ACTIVITY:
In the material below, find the span from the line with "Как перевести деньги из-за границы в россию" to the line with "Linia CBD oil" and transcribe only those lines, exactly, ends included, without the pictures.

RECORDS SHOWN:
○ ○ ○ ○
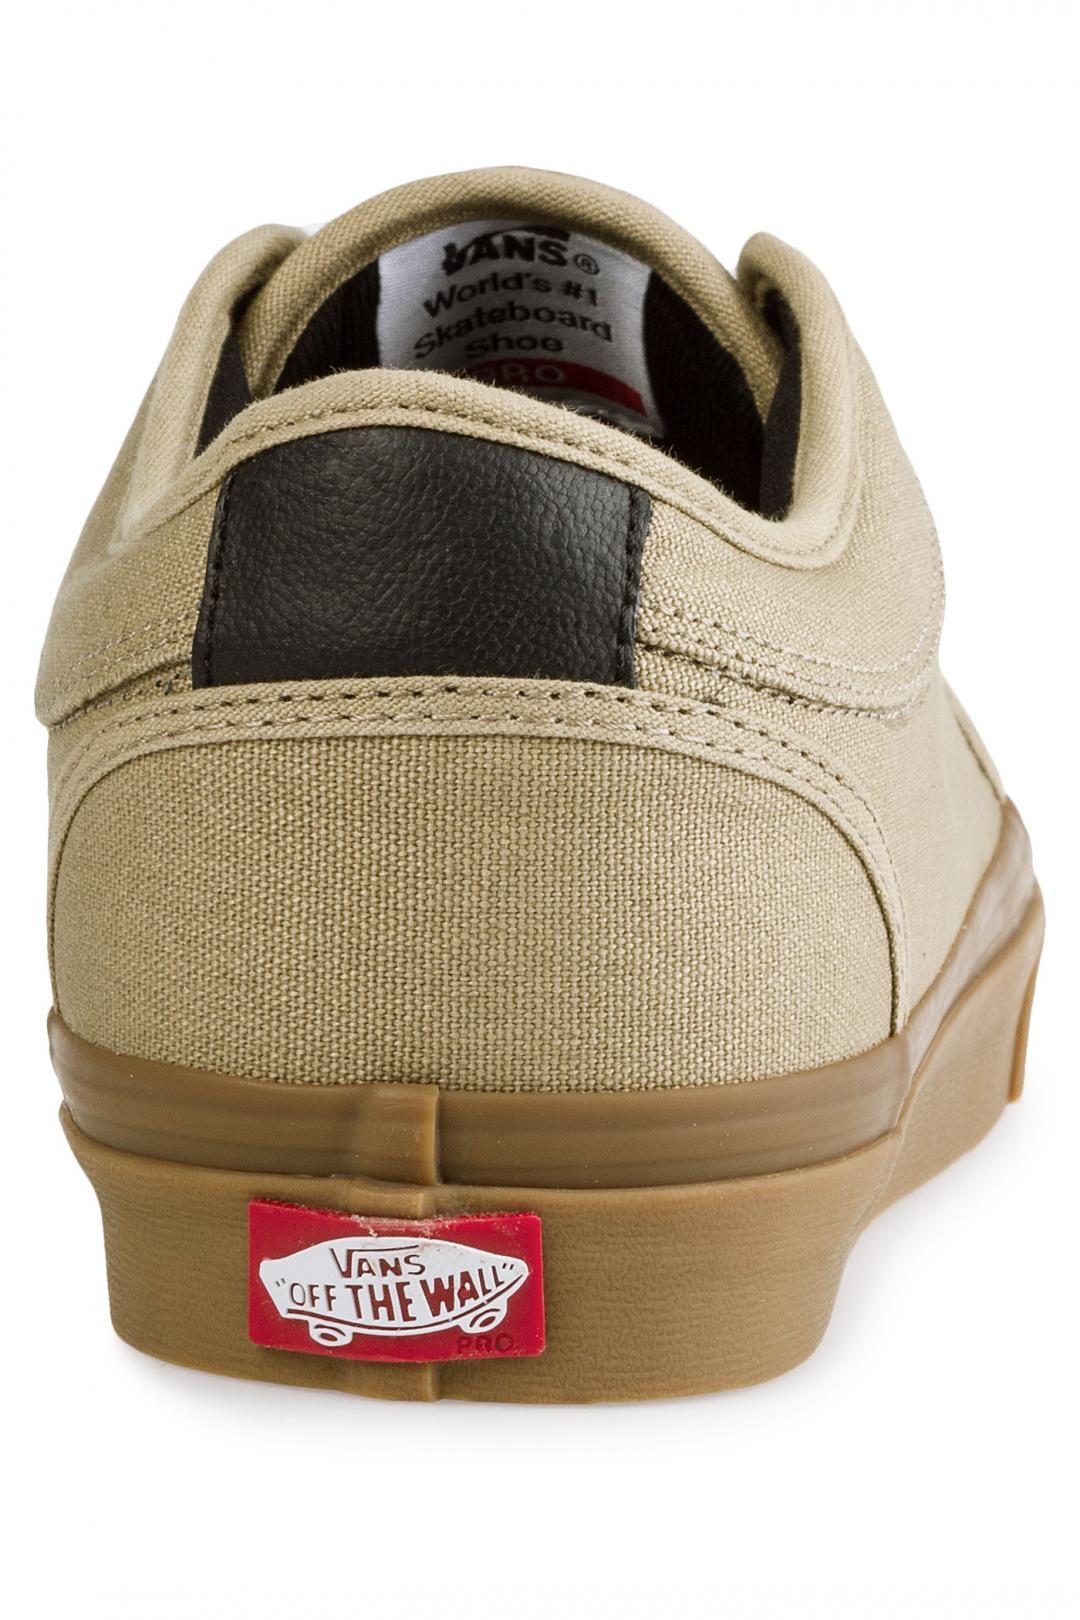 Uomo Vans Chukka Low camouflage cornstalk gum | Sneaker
○ ○ ○ ○
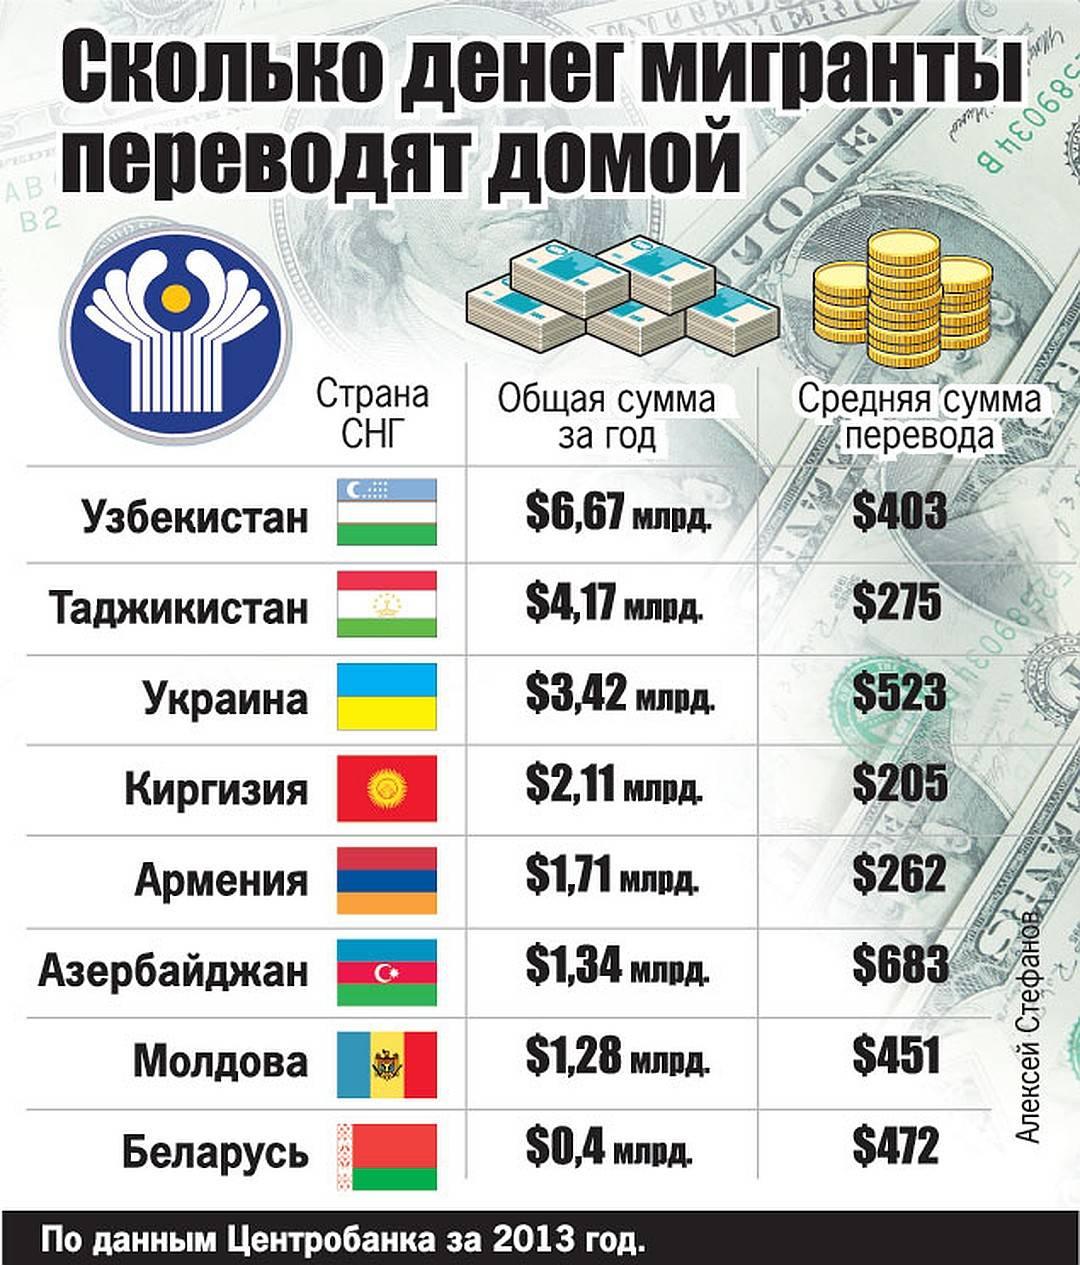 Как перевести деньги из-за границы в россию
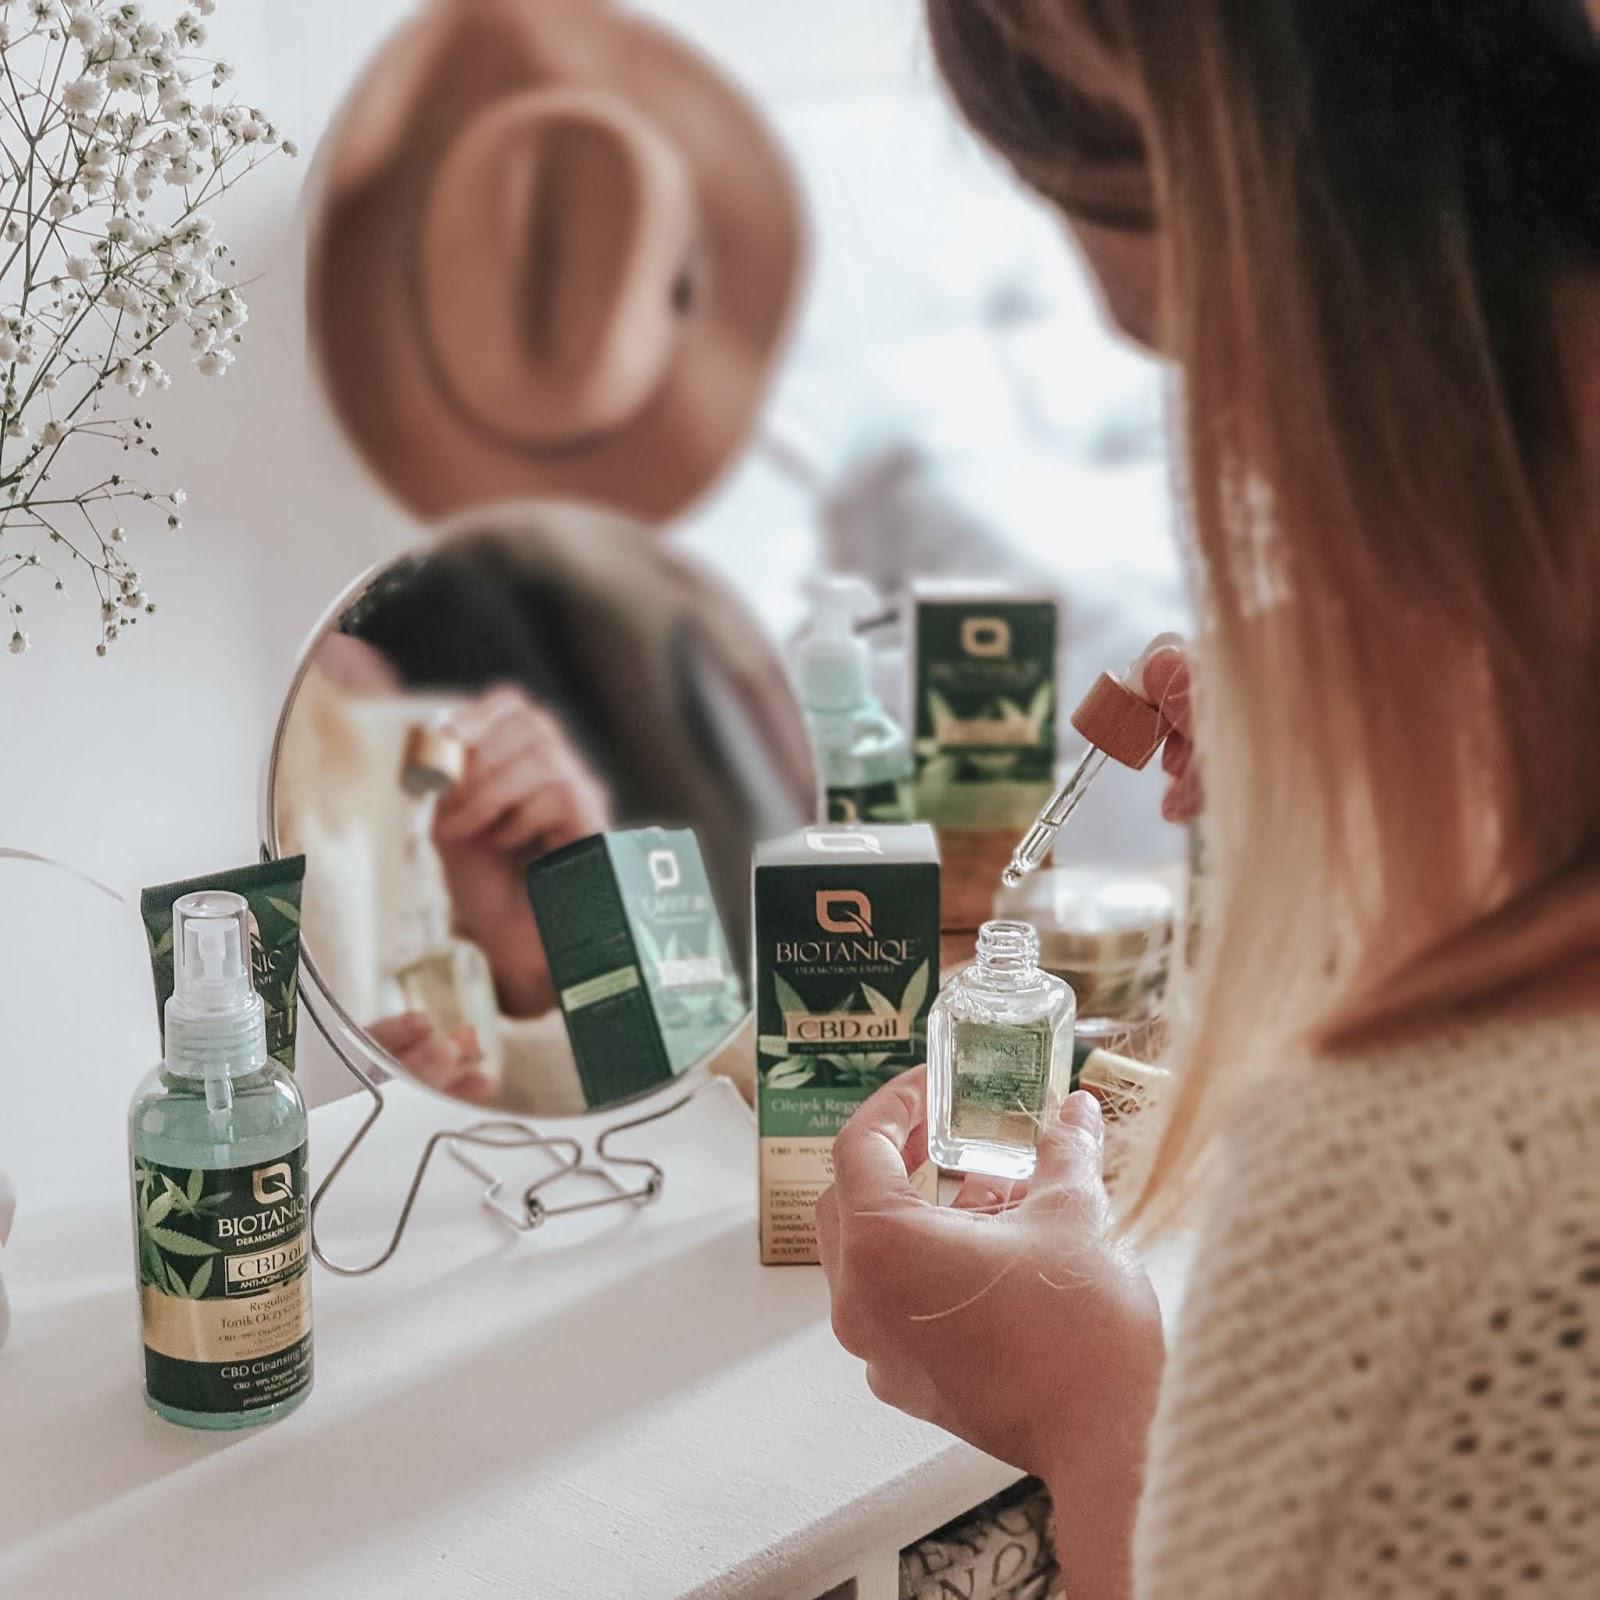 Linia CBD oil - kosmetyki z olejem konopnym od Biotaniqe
○ ○ ○ ○
EXERCISE OUTPUT:
 Как перевести деньги из-за границы в россию
 Linia CBD oil - kosmetyki z olejem konopnym od Biotaniqe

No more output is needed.